I worked through the content I had prepared in my notes. I fed the questions and content I'd produced into GPT as questions. Then taking the questions GPT asked back and the content shared I further drilled into the topics. Through this back and forth, I eventually was able to set a clear framework to prioritise different learning interest categories and an approach for scoring a given interest in relation to the factors identified. This is a personalised and subjective approach which incorporates my interests and evolves over time.
There were a few key learnings during the exploration with GPT: (1) a matrix approach is very difficult to achieve as there are so many interdependencies and overlaps. (2) recommendations are highly subjective and dependent on underlying interests and objectives. So spending more time on self-introspection and exploration is important.
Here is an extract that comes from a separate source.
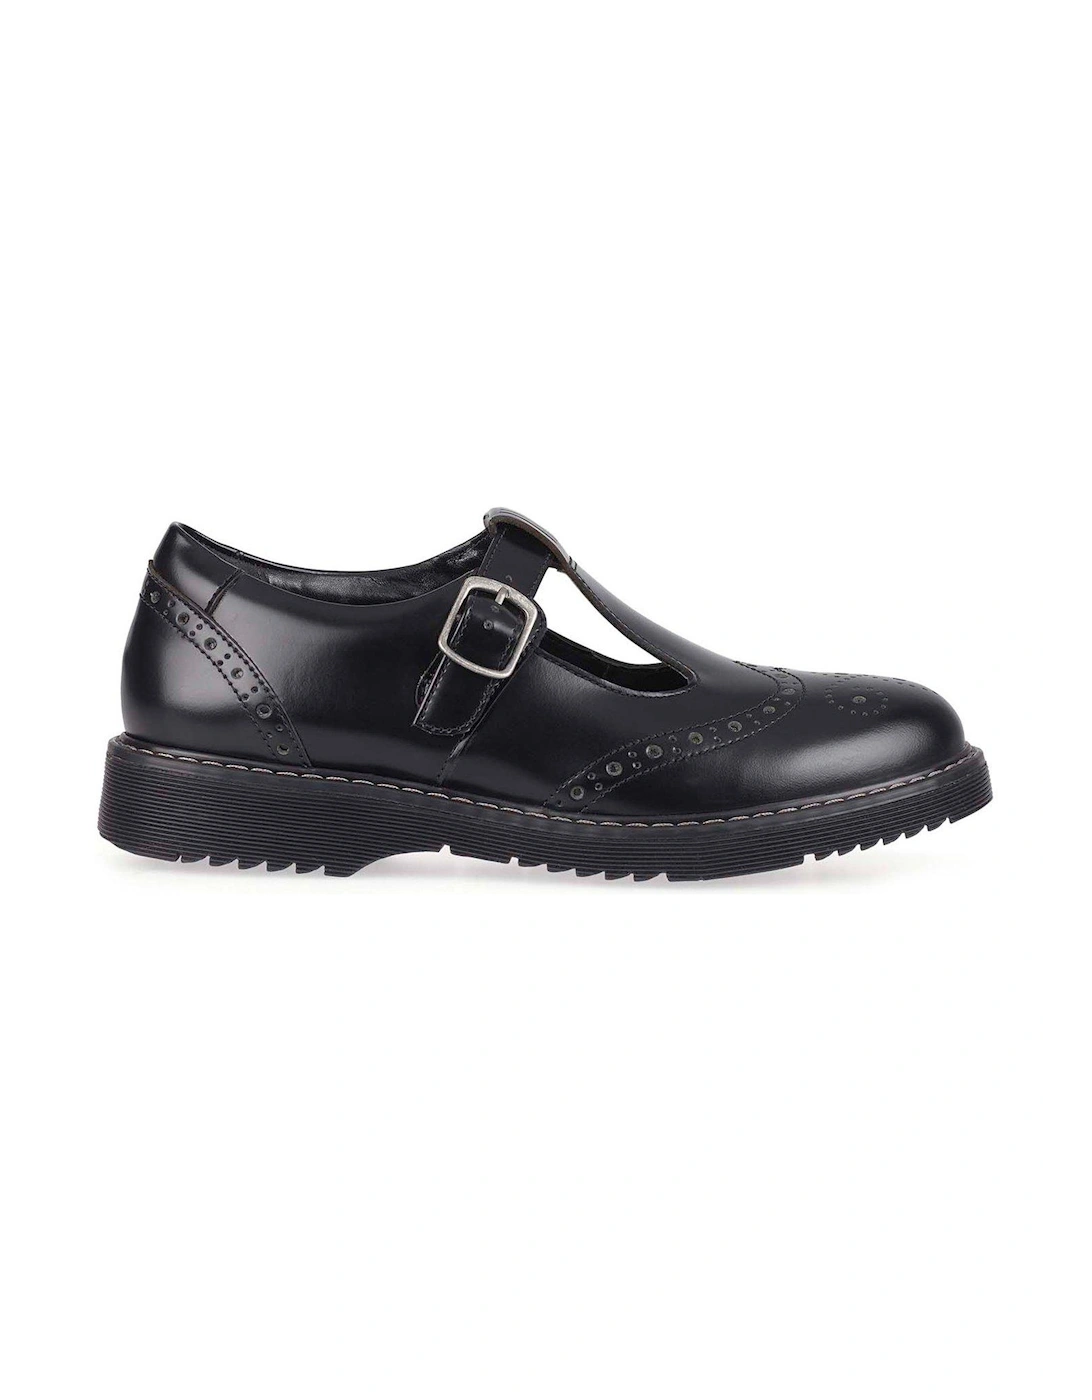 Imagine Girls Leather T-bar Buckle Chunky Sole School Shoes with Brogue Styling - Black, 2 of 1

There are very few topics which are inherently good to focus on as an interest. (3) a key pre-requisit is a willingness to limit yourself and acknowledgement that "I can never learn everything I want to learn."
If you would like to build on the Exploration Chat with GPT you can pick it up here.
The irony of this whole process is that even with a model, exhaustive process and the support of GPT, it didn't matter that much. The process or workflow wasn't the solution in the end.
An End and a New Start
I've ended this process with a somewhat narrow list of interests; a good list of categories and how I should approach those categories and a few reusable chats in Poe/GenAI that I can go back to whenever I have a new interest that I want to explore.
The result of the process was less impactful than the experience of going through it. Struggling to figure out what I'm interested in and how much I'm willing to trade-off to learn or focus on one thing or another - that process was the most impactful for me.
The end isn't really an end. It's a new start of looking at how I learn and prioritise my time moving forward. I encourage you to pickup a pen and start exploring what interests you and what you want to learn.